I call file formats that respect these criteria “established”. They are the main focus of this guide. established file formats are, e.g., the image format JPG, the audio format MP3, or the document format HTML. Some proprietary formats are also quite established, in particular the Microsoft Office formats (DOCX, XLSX, etc.).

Open Browser Formats

There is a special class of file formats that I call “Open browser formats”. These are open file formats, i.e., they are developed by a community or an association of several parties. Their main strong point is that they can be displayed by the major Web browsers. No other software is needed to read the files. Since every major operating system nowadays has several Web browsers, these file formats are platform-independent and vendor-independent.
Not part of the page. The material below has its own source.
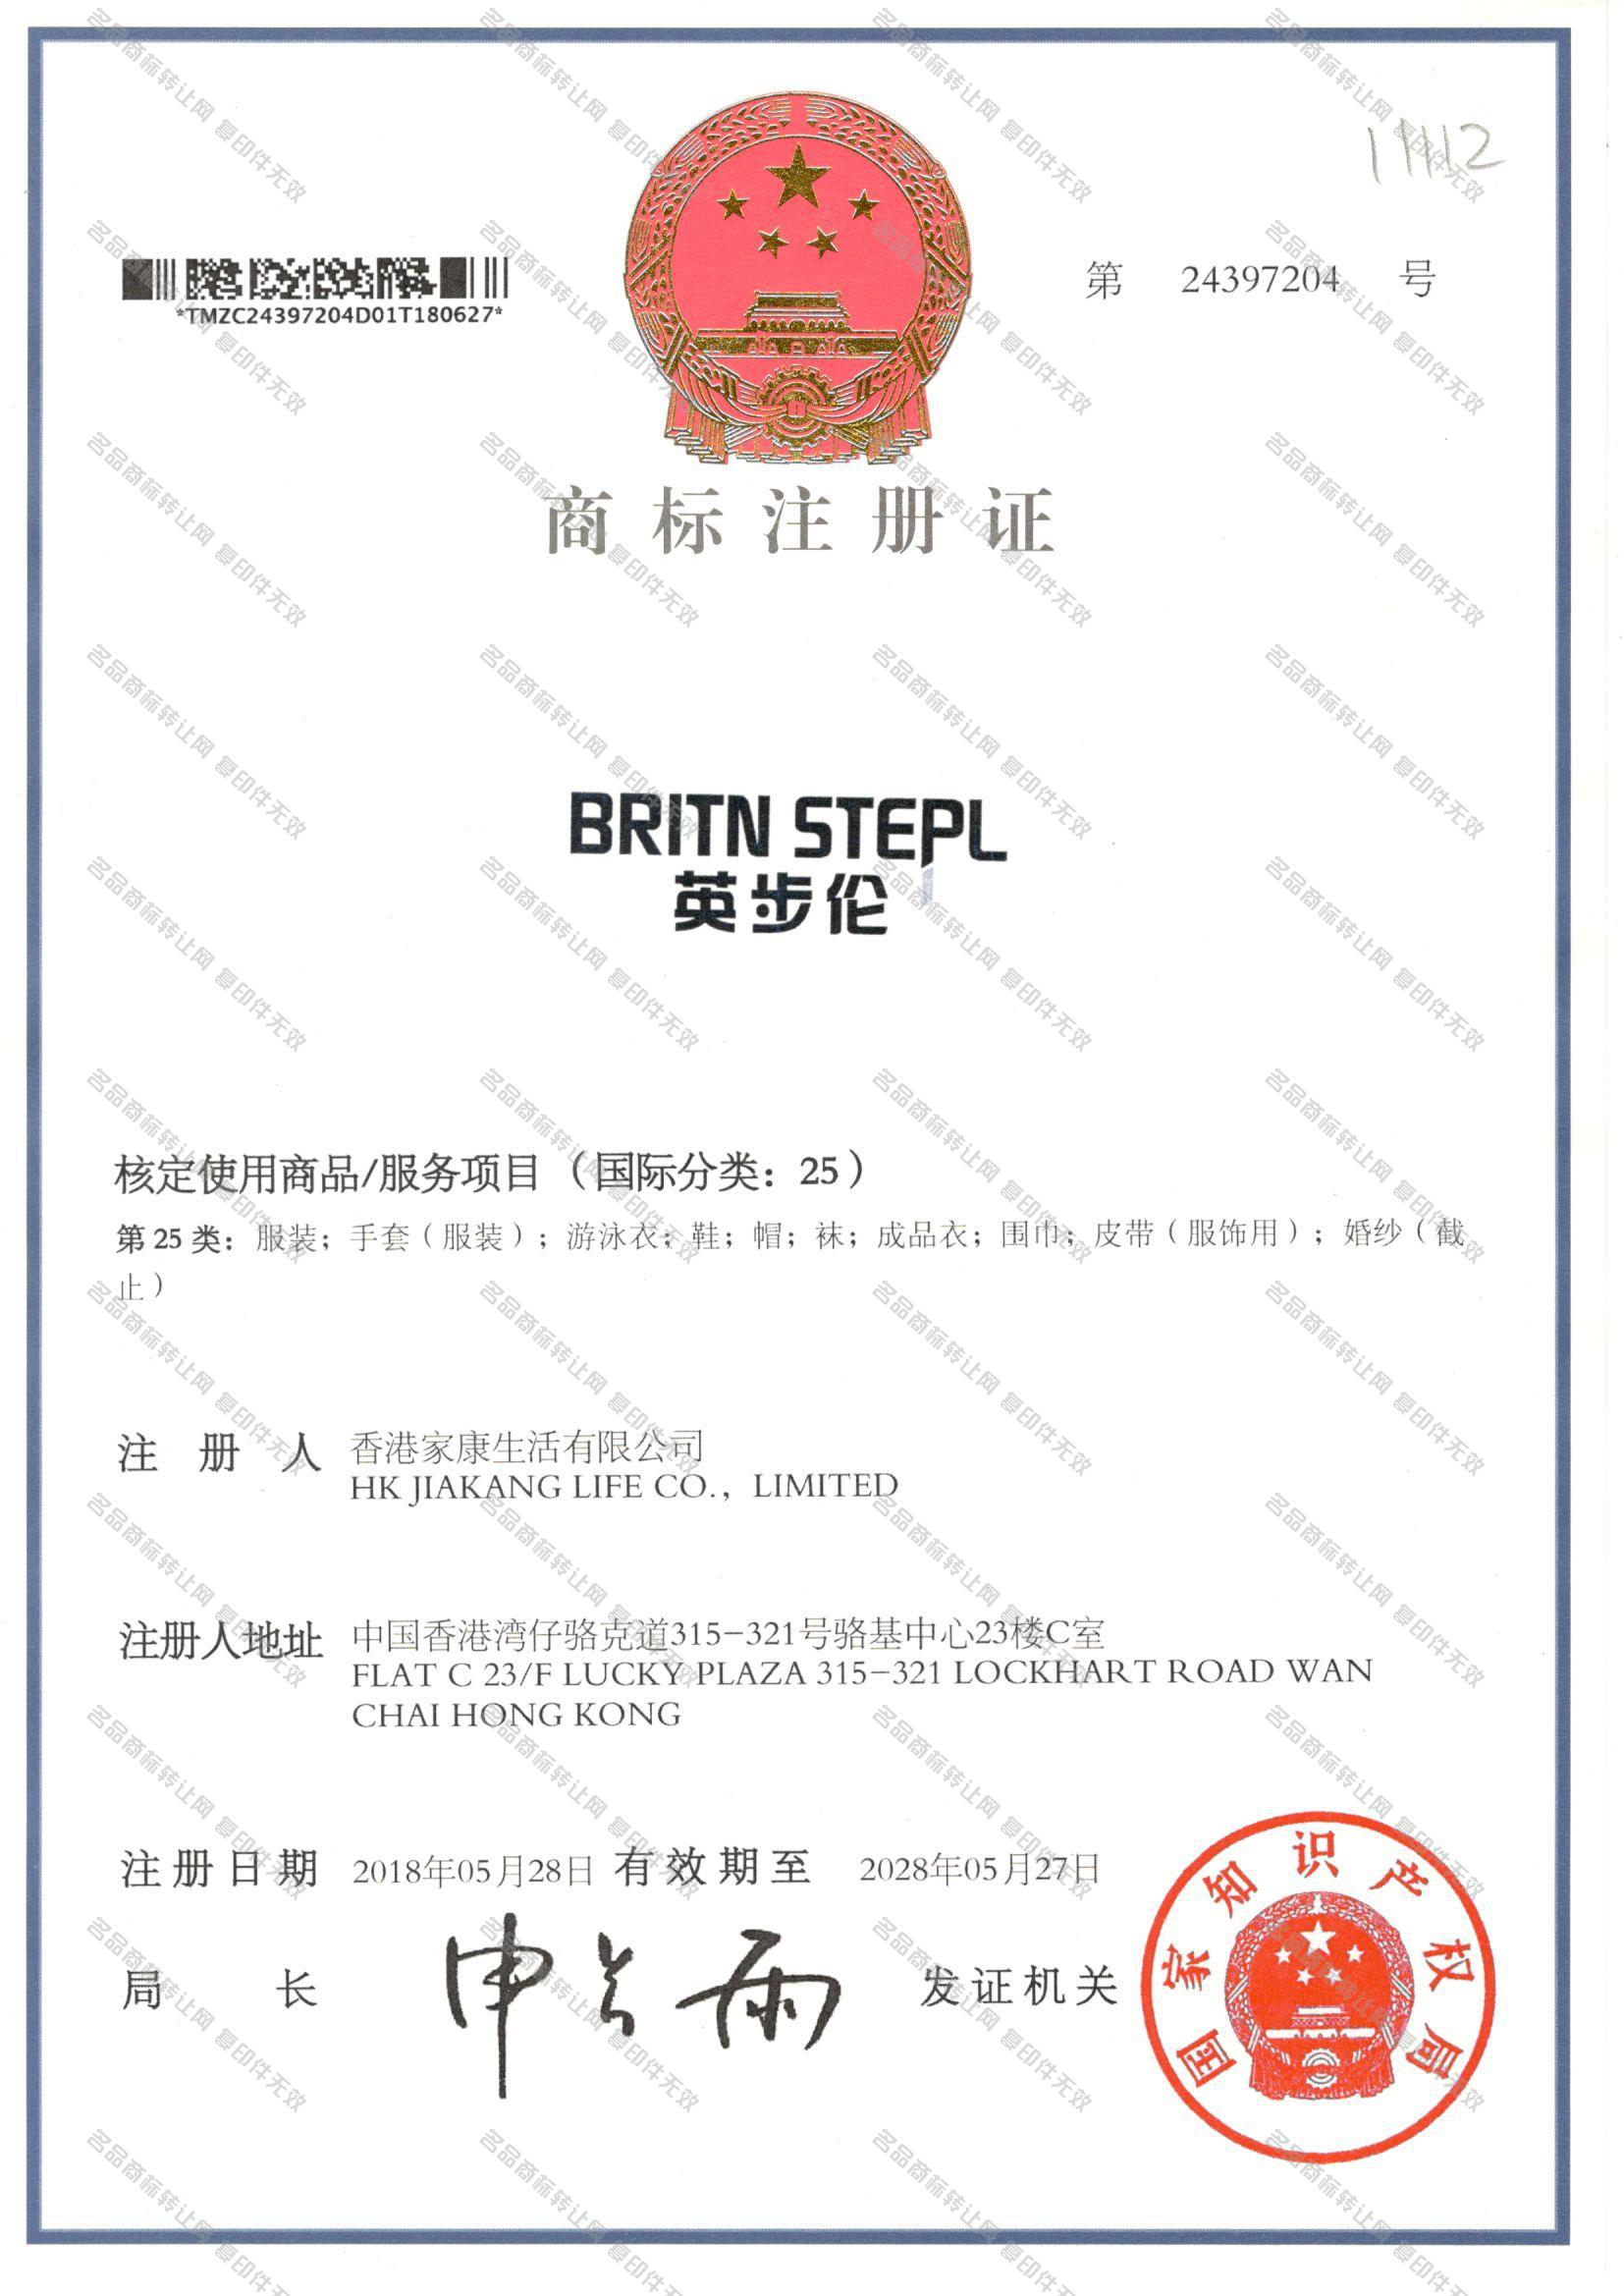 英步伦 BRITN STEPL注册证

Some of these open browser formats relatively new, and thus not yet established. These include the audio format Opus or the movie format WebM. These formats are supported by important players such as Google, Mozilla, Wikipedia, or Apple. Hence, software for editing these formats has also already been written. All of this may indicate that the formats have good chances of becoming established in the future. That said, the implementation by the major browsers is no guarantee for the future. The browsers have stopped support for SVG fonts. OGG+Theora was first recommended by the W3C, and then retracted.

Recommendation

Generally, one should use only established file formats for archiving.

Idealists may also consider the Open Browser Formats. We will discuss the best file formats for each type of data below.
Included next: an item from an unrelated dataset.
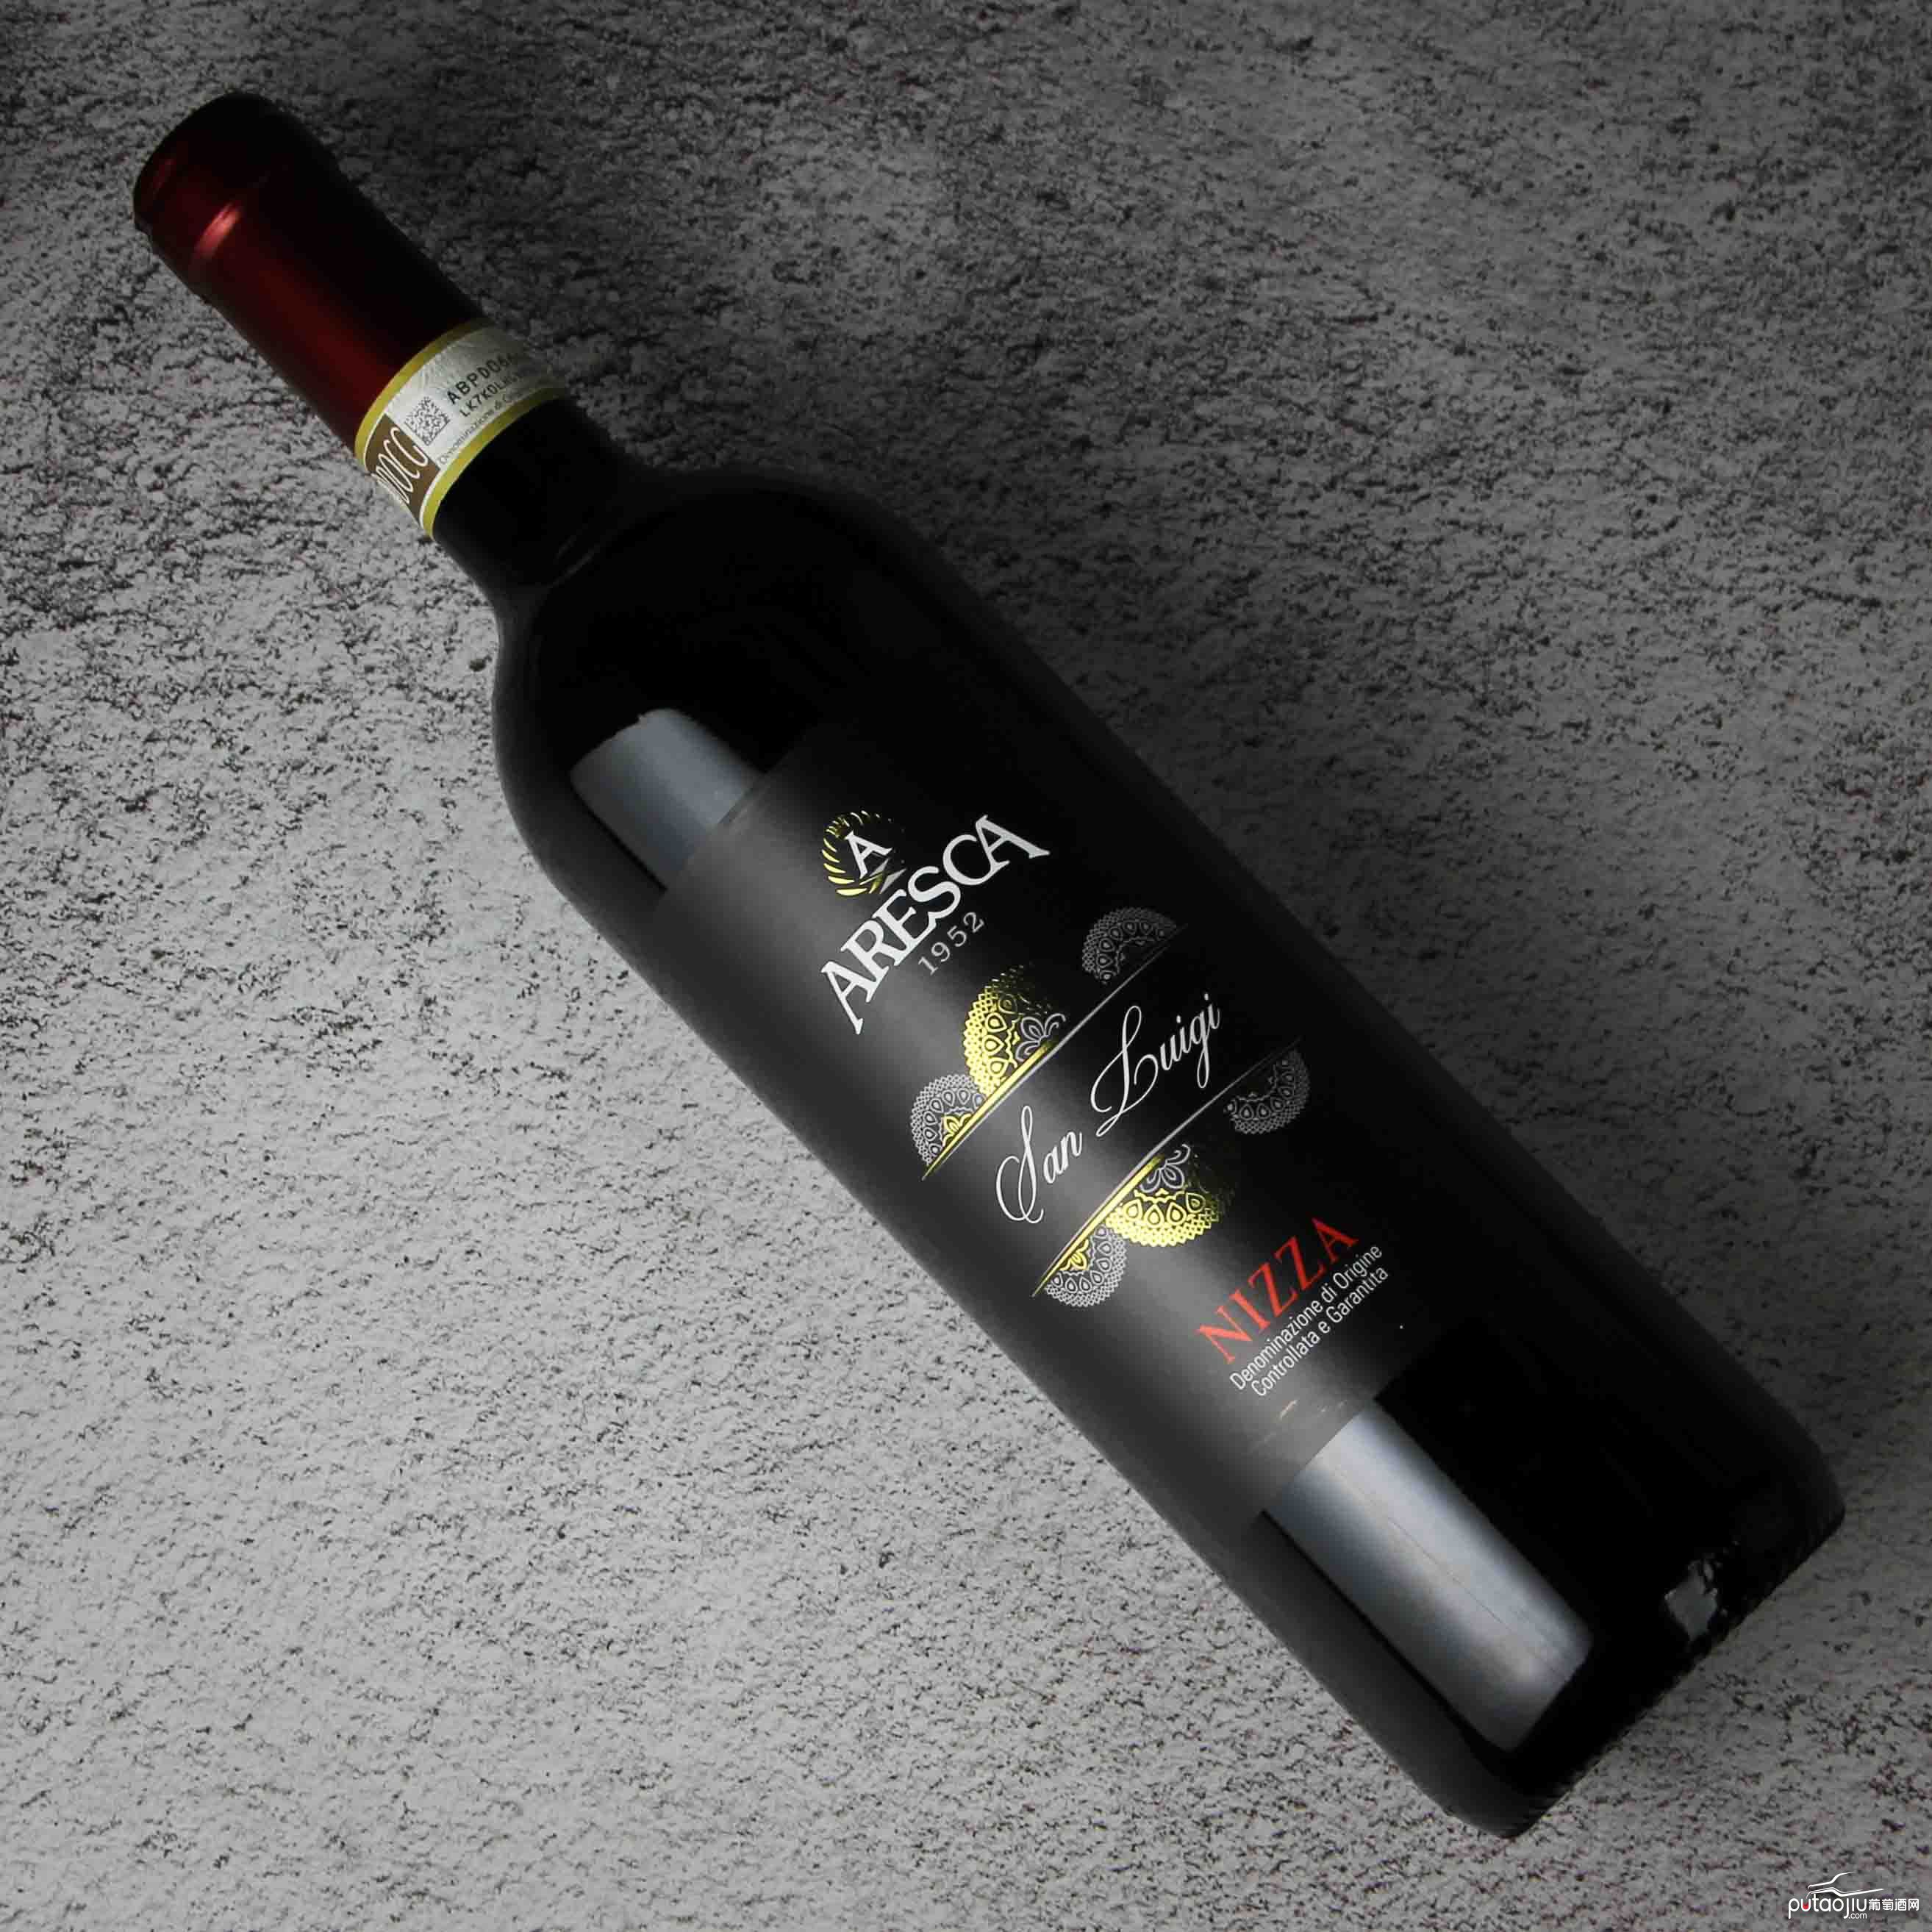 意大利皮埃蒙特ARESCA酒庄尼扎·圣路易吉红葡萄酒红酒

Lossy vs Lossless File Formats

Lossless file formats

A lossless file format stores the data exactly as it was originally produced or obtained. The majority of file formats is lossless. An office document, e.g., will store the text exactly as you typed it. But think of audio file formats: Some frequency combinations are inaudible to the human ear. So should we really store them in the file? If we remove them, the file becomes around 10 times smaller. That is what lossy file formats do. Lossless formats, in contrast, keep every detail — even if it is imperceptible. The choice between lossy and lossless formats applies generally to image data, video data, and to audio data.

Common lossless formats include PNG for images, and FLAC for audio data. Lossless formats are interesting for archiving for two main reasons: First, they allow future use of the data for applications that were not orginally envisaged. In the example of the audio file, a DJ may want to artificially slow down the record, and mix it with other audio files. Data losses that were once imperceptible will then suddenly be striking. The second argument for lossless formats is that we can never be sure how long file formats will persist in the future. One day, we may be obliged to convert our files into a newer format. If the newer format is also lossy, then the little losses will add up — ultimately degrading the quality of the file.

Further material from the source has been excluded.